Bringing in the right people to work for your company can be one of the most challenging things a business leader can do. The process can leave a recruiter jaded after a while. However, reviewing a potential employee’s application must be taken seriously, and the process must be thorough. The following list details some of the red flags that you, as the interviewer, should look out for when reading through a candidate’s application or resume.
Spelling and Grammar Mistakes
Everyone makes a few spelling and grammar mistakes here and there, but according to CareerBeacon, when the application is littered with errors, it is wise to take this as a red flag. Although these mistakes may not seem like a big deal, it is an early indication that the applicant lacks an eye for detail. Since most candidates realize the importance of looking good on an application or resume and go above and beyond to create a well-crafted document, encountering one that seems sloppy or indifferent is especially worrisome. Not taking the time to check their work can mean that the candidate simply doesn’t care. The last thing you want is an employee who does not have enough enthusiasm to use spell-check.

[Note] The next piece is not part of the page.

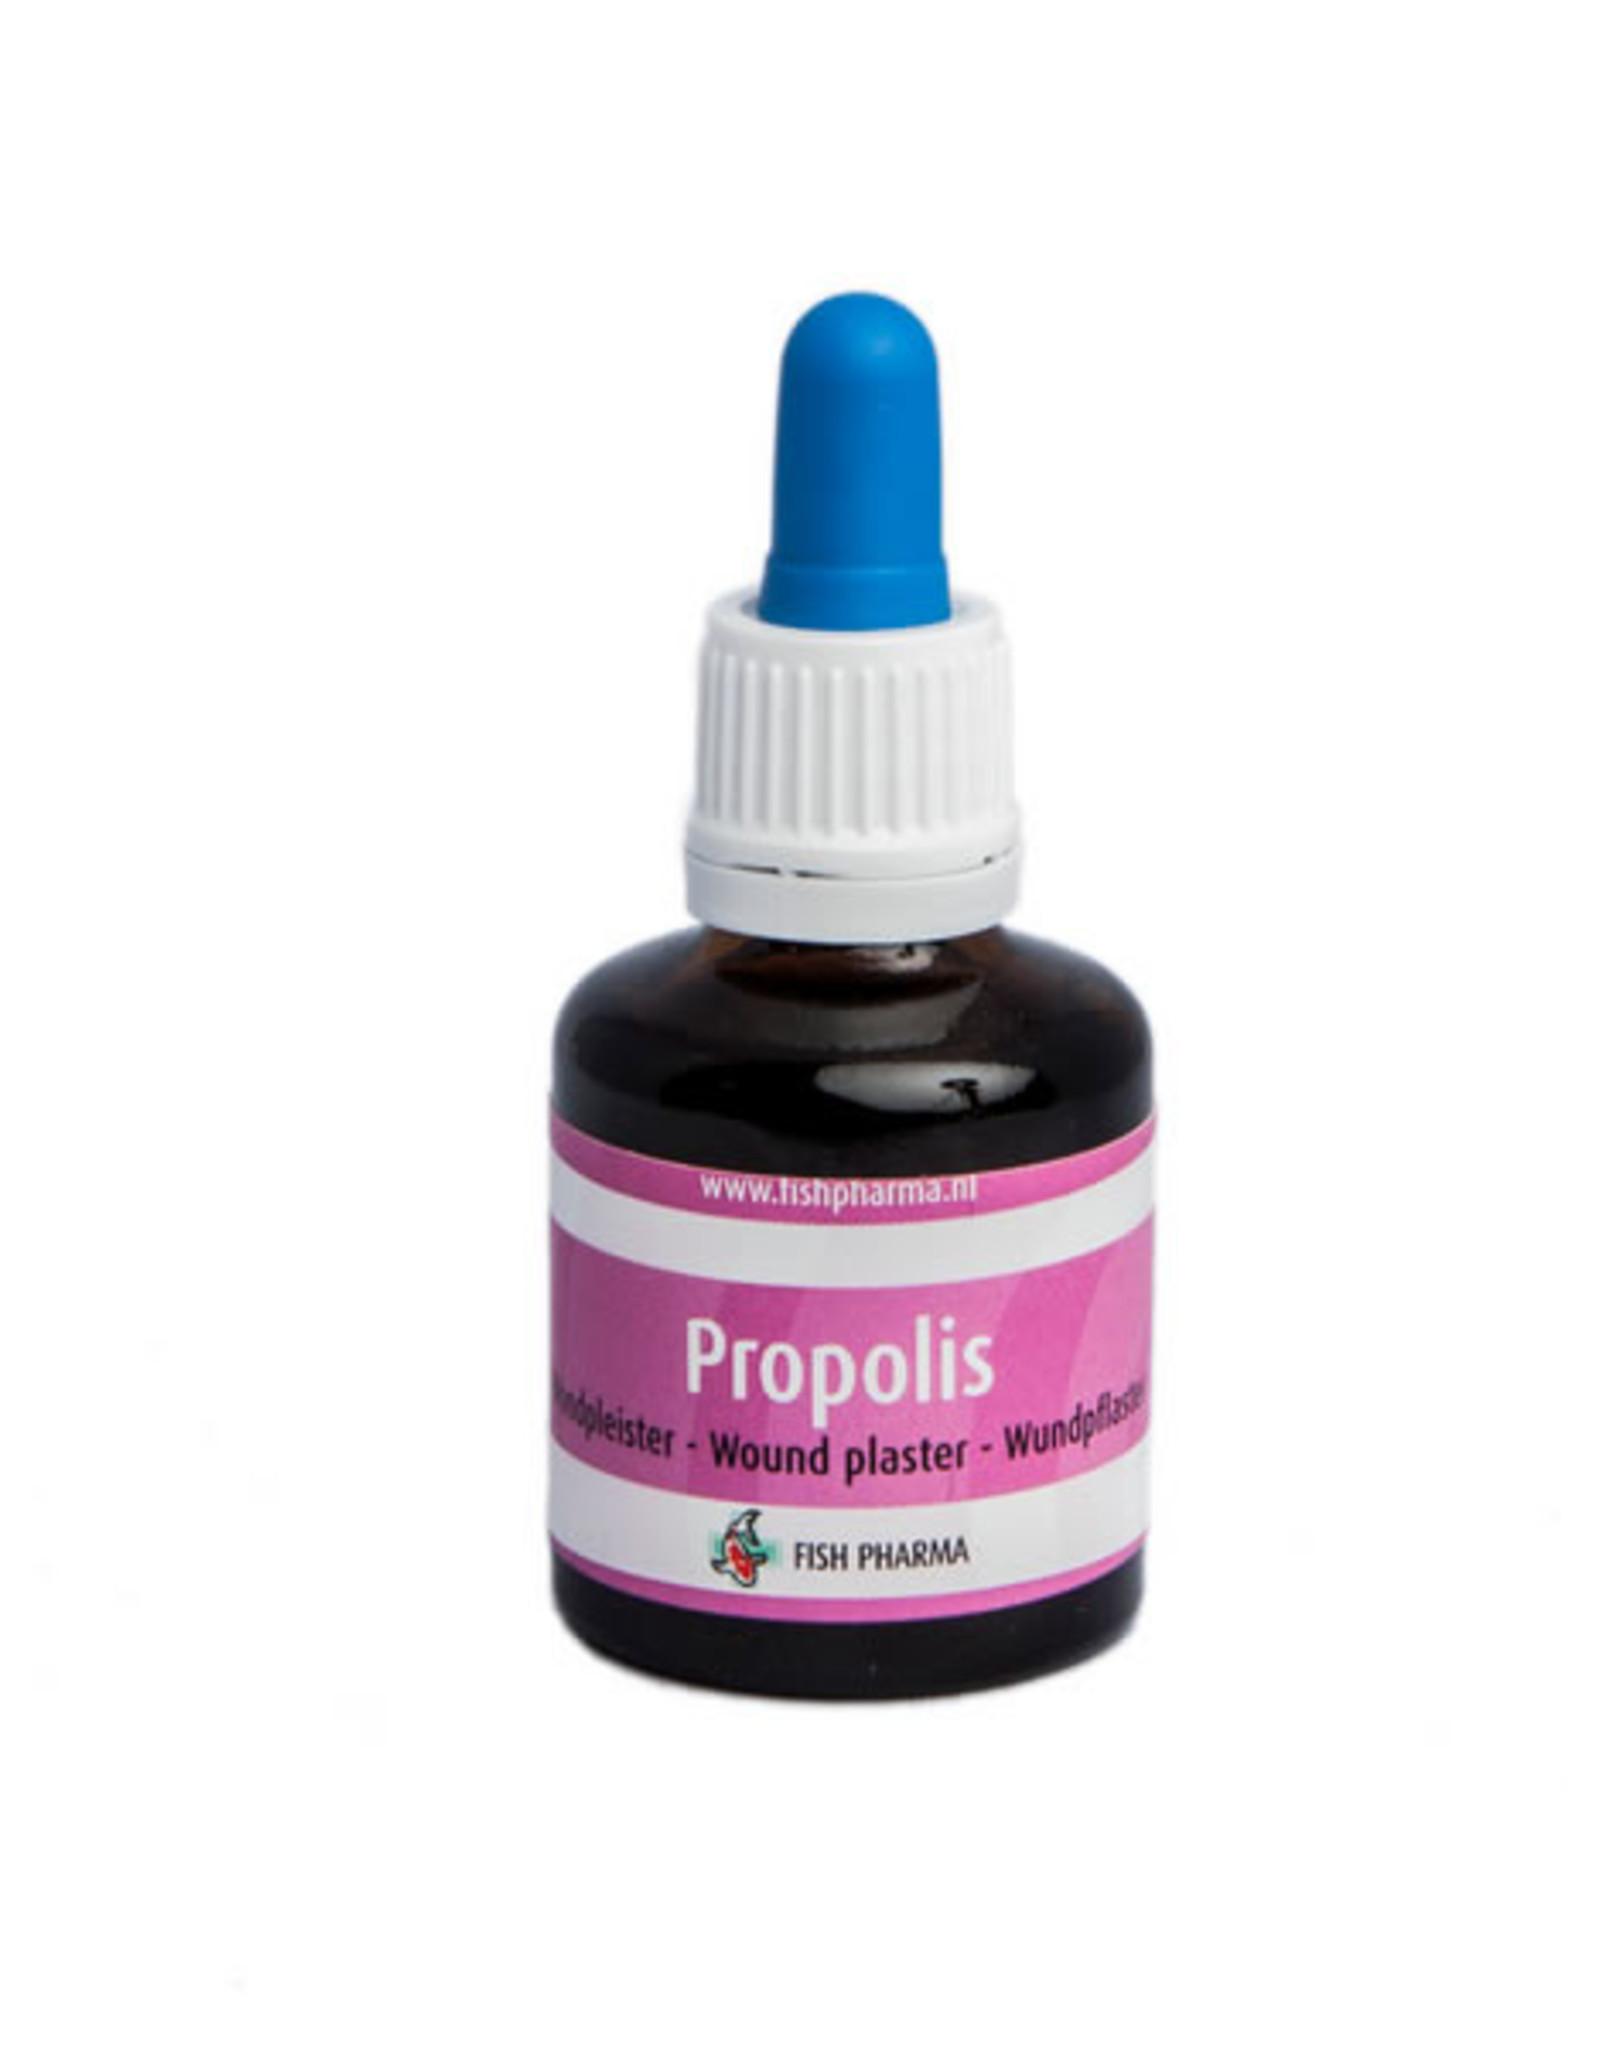 Fish Pharma Propolis Wound Care Agent

According to the Khonsari Law Group, as an employer, you have the right to run a criminal background check on a potential employee. This allows you to see more into their history and whether or not they’ve been convicted of a crime. This is especially important if you are seeking someone who will be handling sensitive information or funds on a routine basis. If you come across a candidate who has been convicted of fraud, they may not be the best person to hire for your accounting team.
Vague Work History
The absence of an employment background is not something to be alarmed about if it’s accounted for by educational experience. People will often go through their educational career without having a job. However, when a work history is present on their application but it’s vague, you should certainly take it as a red flag. According to Ask a Manager, inconsistent employment history can be an indication of termination for poor performance, failure to make progress along a desired career path, or erratic personal behavior. During the interview, make sure to ask about this, and if you keep getting more vague answers, the candidate before you might not be the best person for the job.
Understandably, business leaders want the best people for their company. Through the simple process of questioning everything and carefully performing your due diligence, you can assure yourself that any red flags are caught before the wrong person is brought on board.